Rabbi Adam Chalom of Kol Hadash Humanistic Congregation in suburban Chicago explores the Talmud from a Humanistic perspective, one page a day.

Location: Highland Park, Illinois, United States

Rabbi Adam Chalom is the Rabbi of Kol Hadash Humanistic Congregation in suburban Chicago. He is also the Assistant Dean for the International Institute for Secular Humanistic Judaism.

Friday, April 22, 2005

Intent and Purpose - Berakhot 53

In Talmudic times, sweet-smelling spices were rare commodities (and essential given limited hygiene), light came only through fire, and new fire often came from fires already burning. The question in today’s page is: how particular could one be in the origins and purposes of the fire and spices one needed to bless the end of Shabbat?

The rabbis in today’s page try to define appropriate contexts and usage of spices and fire if they are not used exclusively for blessing purposes. The Mishnah text under discussion warns against blessing the light or spices of foreigners, or the dead, or that used for avoda zara [“foreign worship” or idolatry] - evidently the material is spiritually contaminated by its use. So one should not bless a flame that “worked” on Shabbat, and an Israelite may bless a flame kindled from a nokhri [stranger – non-Jew] because it is as if his flame is brand new, but a flame kindled by a Gentile from a Gentile may both come from and be intended for “impure” uses. The same approach holds for lights or spices intended for the dead, or for a privy [beit ha-kisey – “house of the chair”]. If a town is majority Gentile, the Jew should not bless the light in the town, but if majority Jewish he may.

There are two ironies from our perspective – today non-Jews are generally not idolators (and worshipping idols says nothing one way or the other about ethical behavior), and many Jews are as unobservant of Jewish law as non-Jews are. When it comes to smelling spices in a town, it turns out that even a majority of Israelites is not enough to merit a blessing: some Israelite women use some of the spices for witchcraft, and only a small part goes to providing sweet scents. Thus blessings are not automatic – one must consider context and usage. This would parallel the contemporary liberal Jewish practice of offering blessings or special words only on special ceremonial occasions rather than at every meal and snack.

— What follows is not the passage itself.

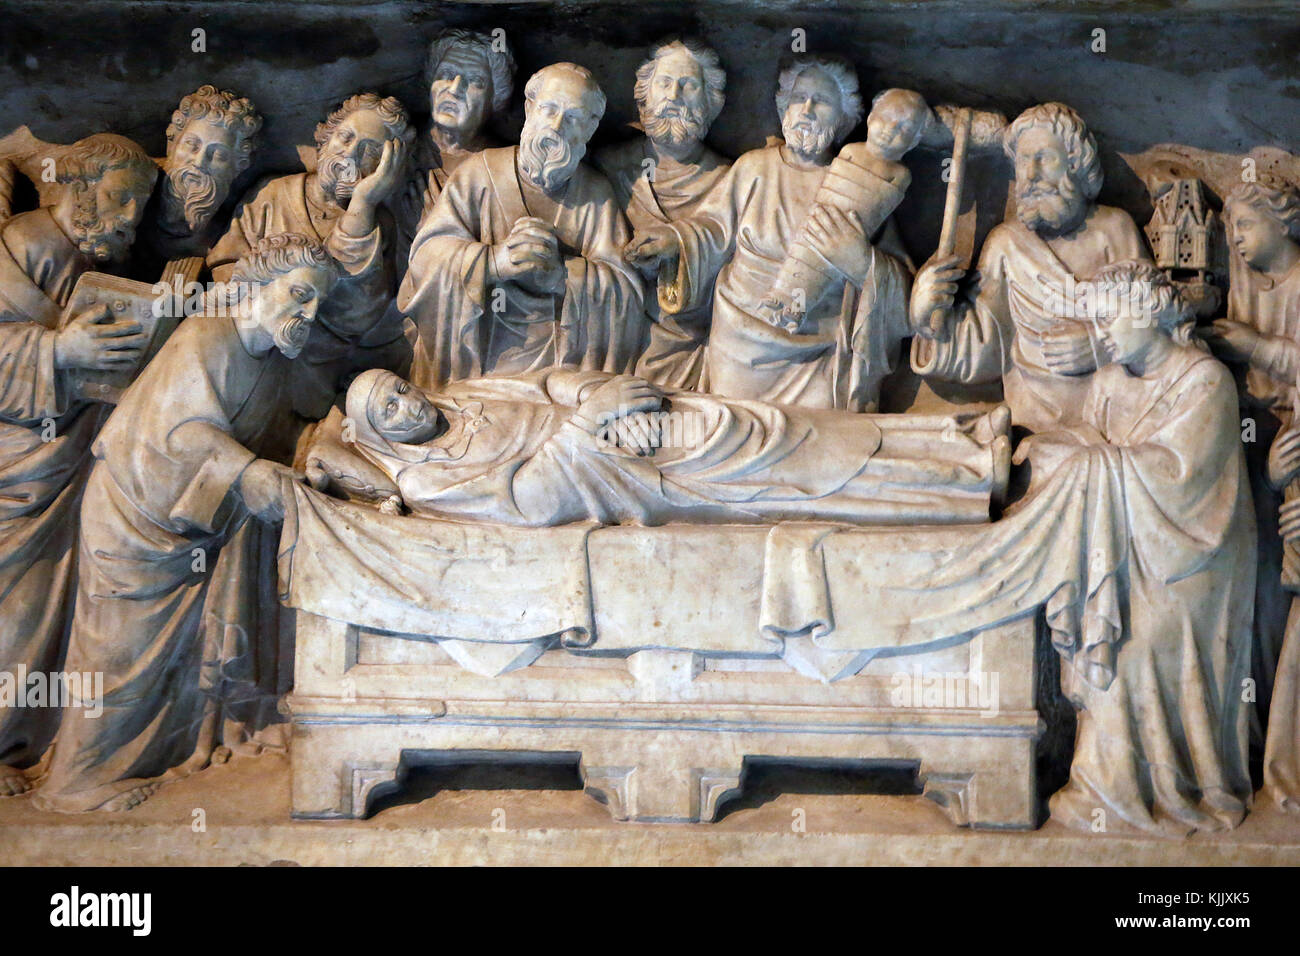 Santa Maria in Trastevere basilica, Rome. Virgin Mary's death. Italy. Stock Photo

For the Talmudic rabbis, however, there was no similar flexibility. One man accidentally forgot to say a blessing, followed the stricter practice of Beit Shammai [the school of Shammai], and received gold. Another intentionally omitted it, used the shorter replacement blessing of Beit Hillel [the school of Hillel] intended only for accidental omission, and then was eaten by a lion. A Rabbi forgot to say grace, made an excuse to return to do it fully, and found a golden dove. The message is put very simply at the end of that third story: “Israel is saved only by mitzvot [commandments]”. For those who question such cosmic reward and punishment, a freely-chosen and flexible cultural connection is more satisfying.